CuspAI, a Cambridge AI-materials company founded in 2024, is raising a reported $400m at a $2.6bn valuation, with Bezos Expeditions and Kleiner Perkins among the backers, according to the Financial Times 1. Term sheets are signed; the round is still being raised and has not closed 2. If it completes, the valuation lands at more than four times the company's September 2025 mark. Geoffrey Hinton and Yann LeCun, two of the people who built modern deep learning, sit on its advisory board.
The company solves a narrow problem. A customer specifies the properties it needs, a heat-resistant coating, a catalyst, a filter, and the platform generates candidate molecular structures and simulates them in silico before anyone touches a lab bench, compressing a discovery cycle that historically ran for years of wet-lab iteration. Meta is a customer for carbon-capture materials, Hyundai is another, and CuspAI worked with the Finnish chemicals group Kemira on materials to strip PFAS (per- and polyfluoroalkyl substances, the so-called forever chemicals) from water 3.

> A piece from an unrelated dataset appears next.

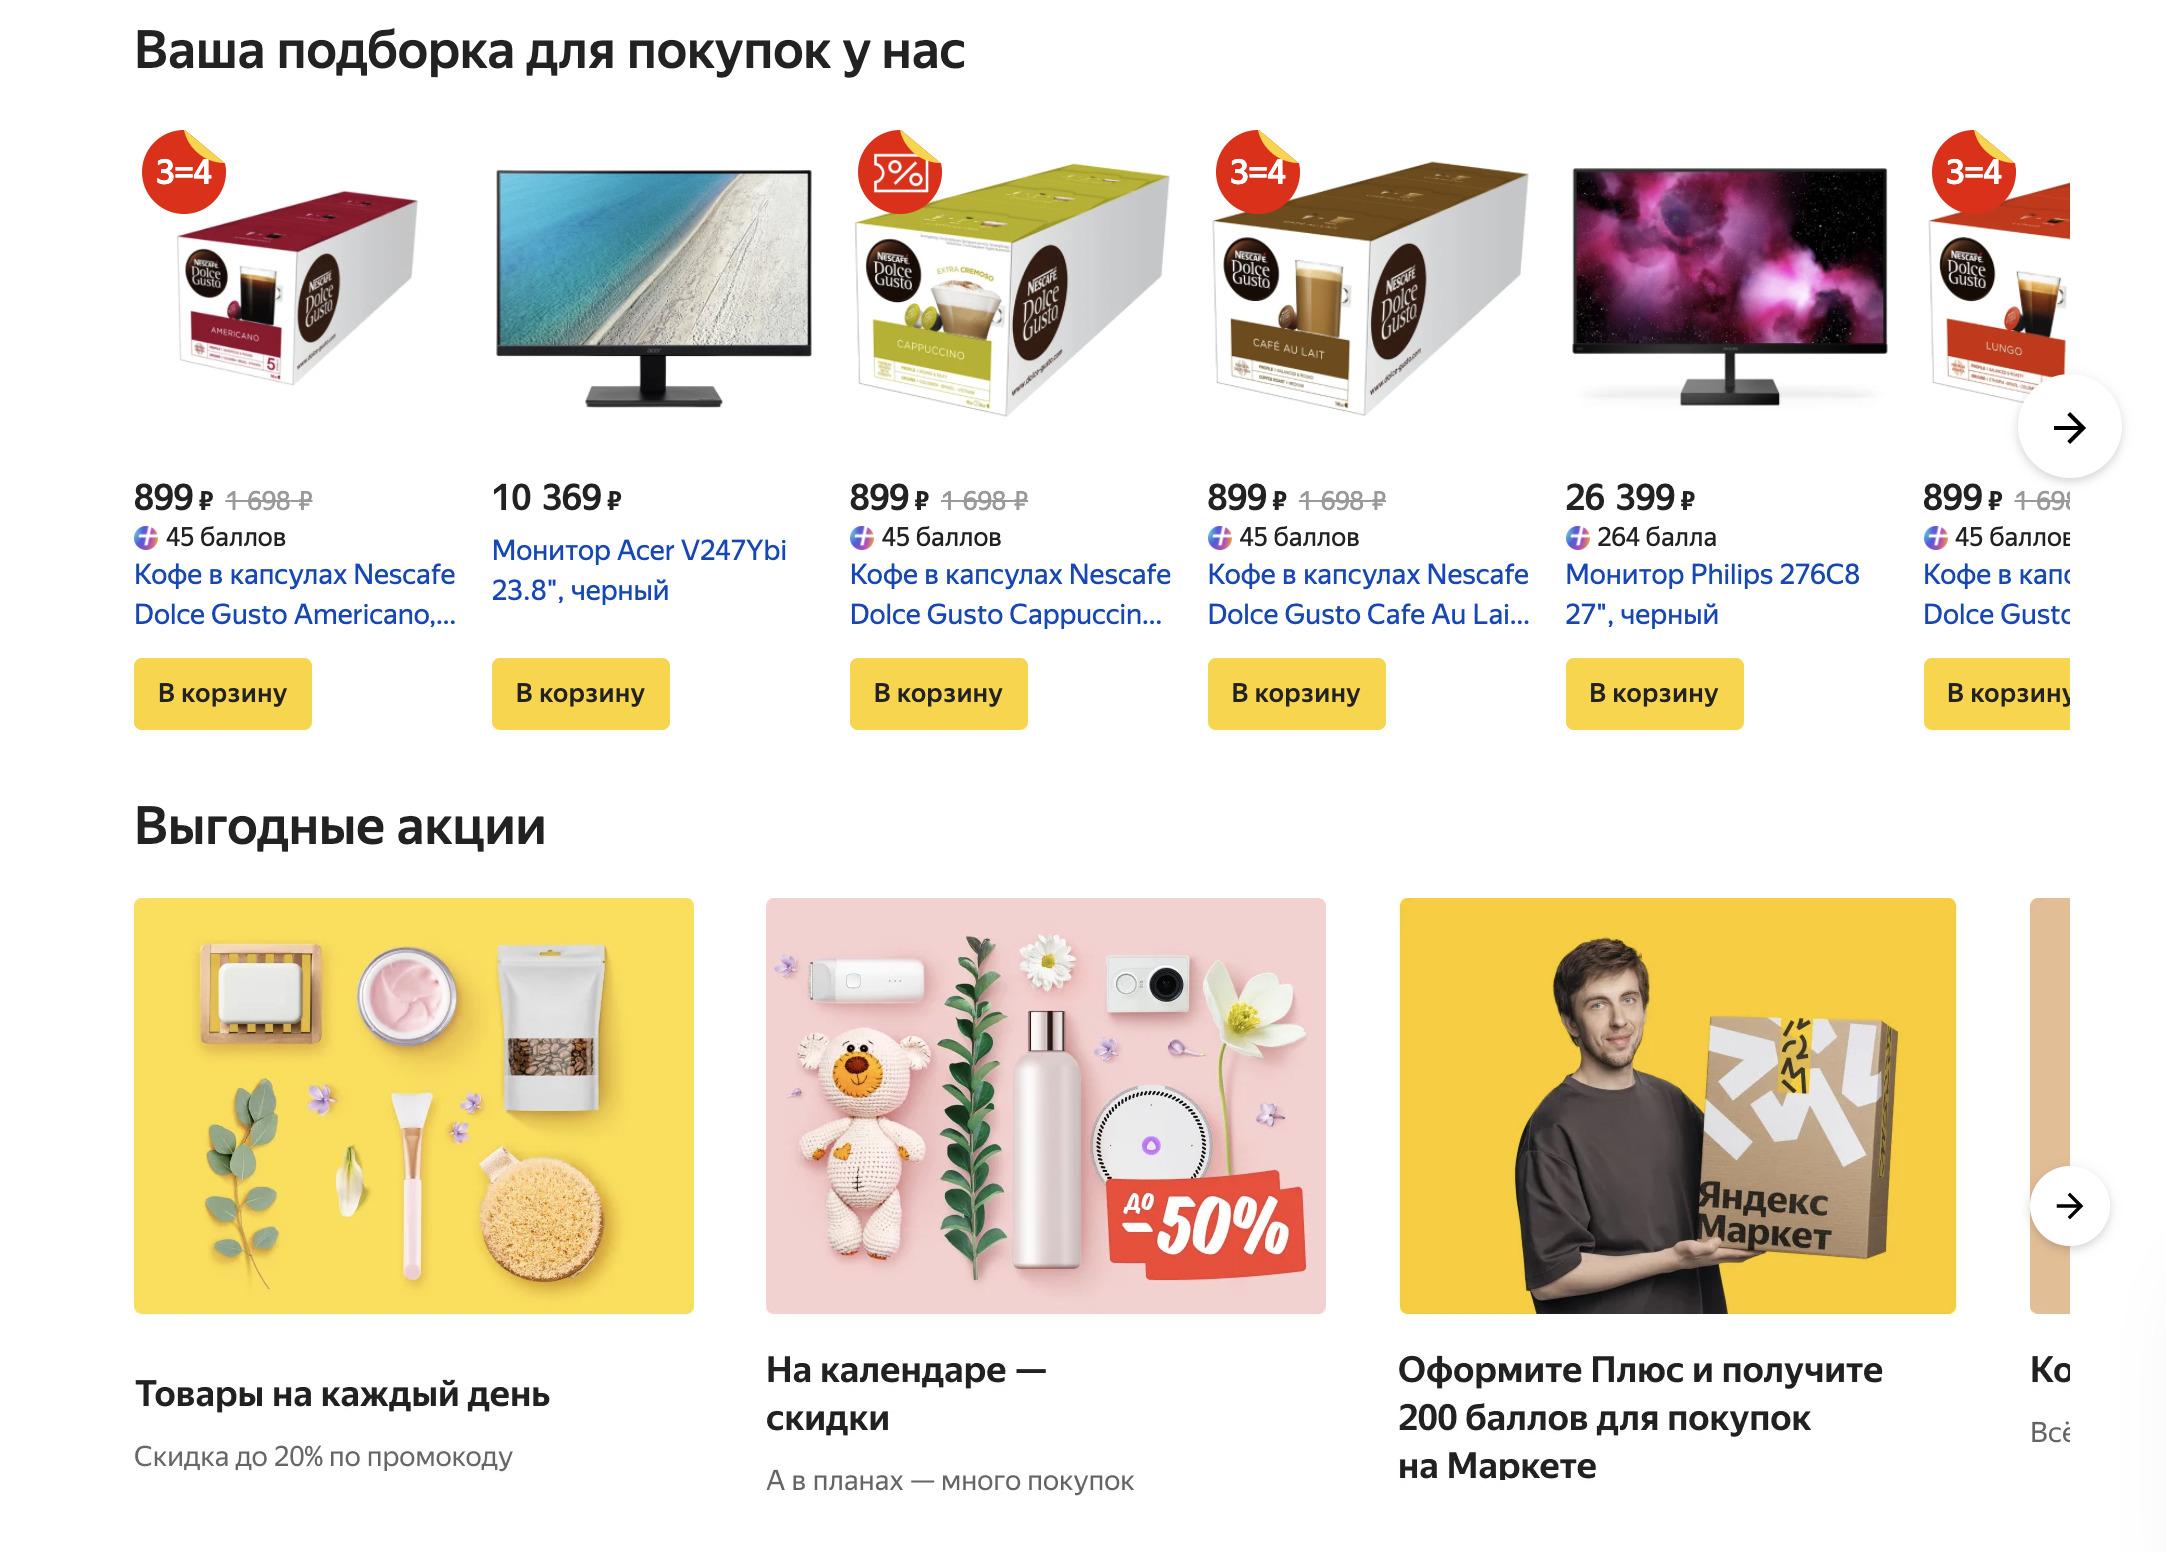 Доставка из Яндекс.Маркет в Зеленодольск, сроки, пункты выдачи, каталог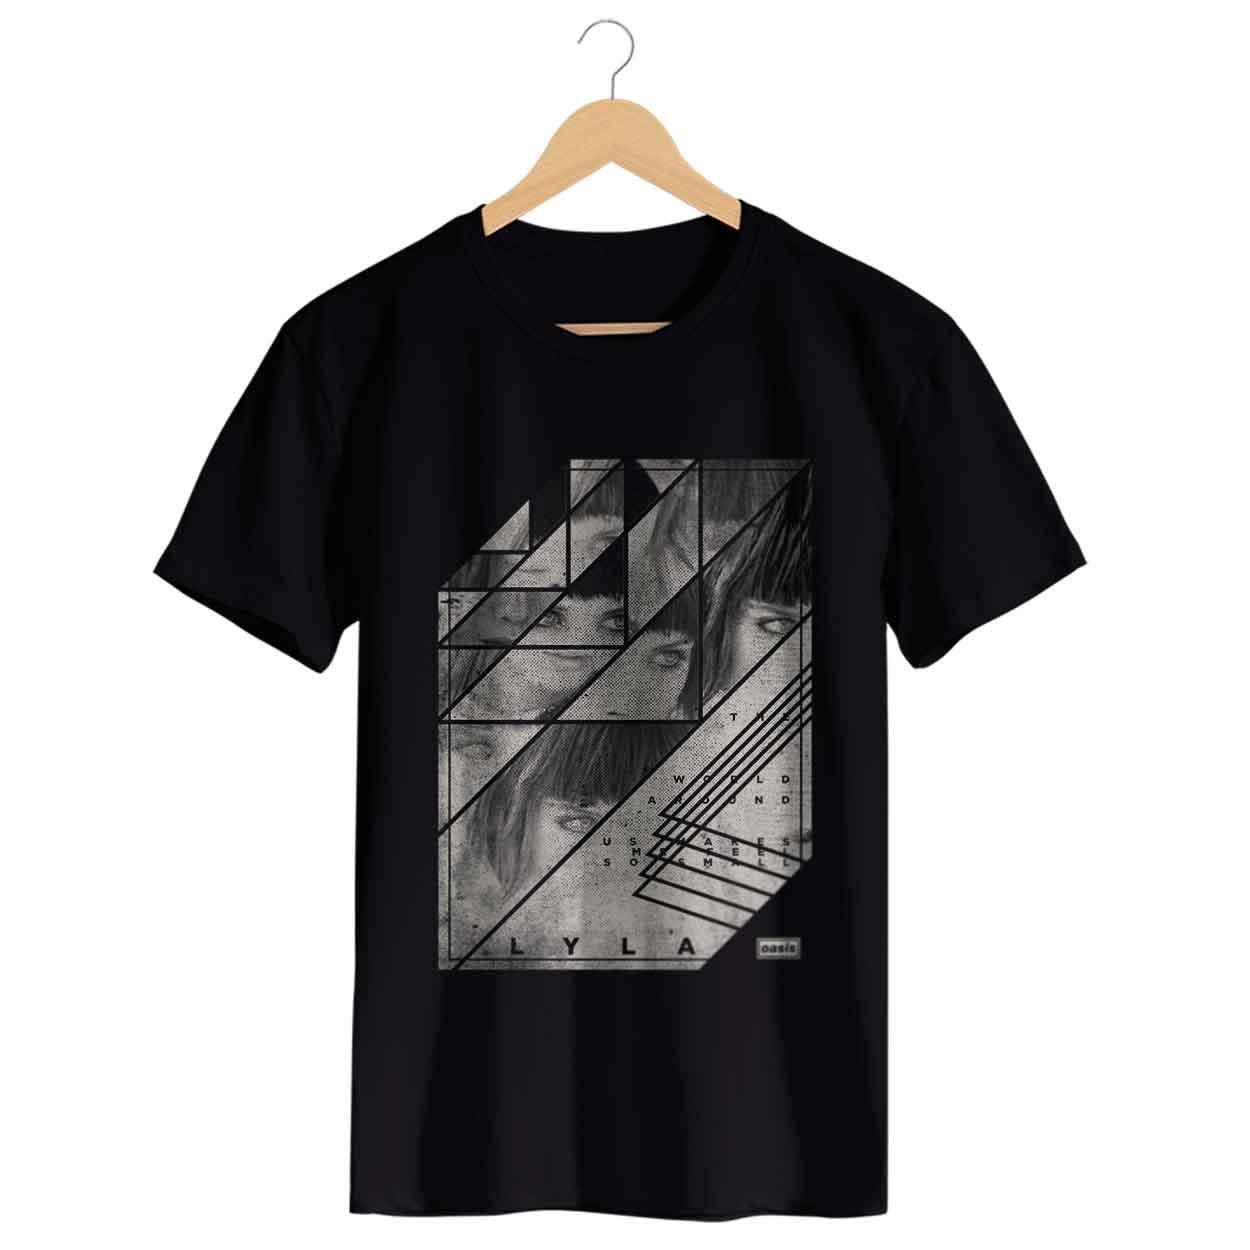 Camiseta - Lyla - Oasis - Masculino

PhysicsX took its $300m Series C from Singapore's Temasek , and Orbital Industries closed an earlier Series B with no UK lead investor at all , the same shape the CuspAI round now repeats. British seed money is being rebuilt at the bottom of the market while the largest rounds are underwritten from Seattle and Singapore, which in practice means the founders stay in Cambridge while the upside accrues to investors abroad. AI-materials is the newest vertical to mint a near-unicorn this way, and it did so without a domestic lead.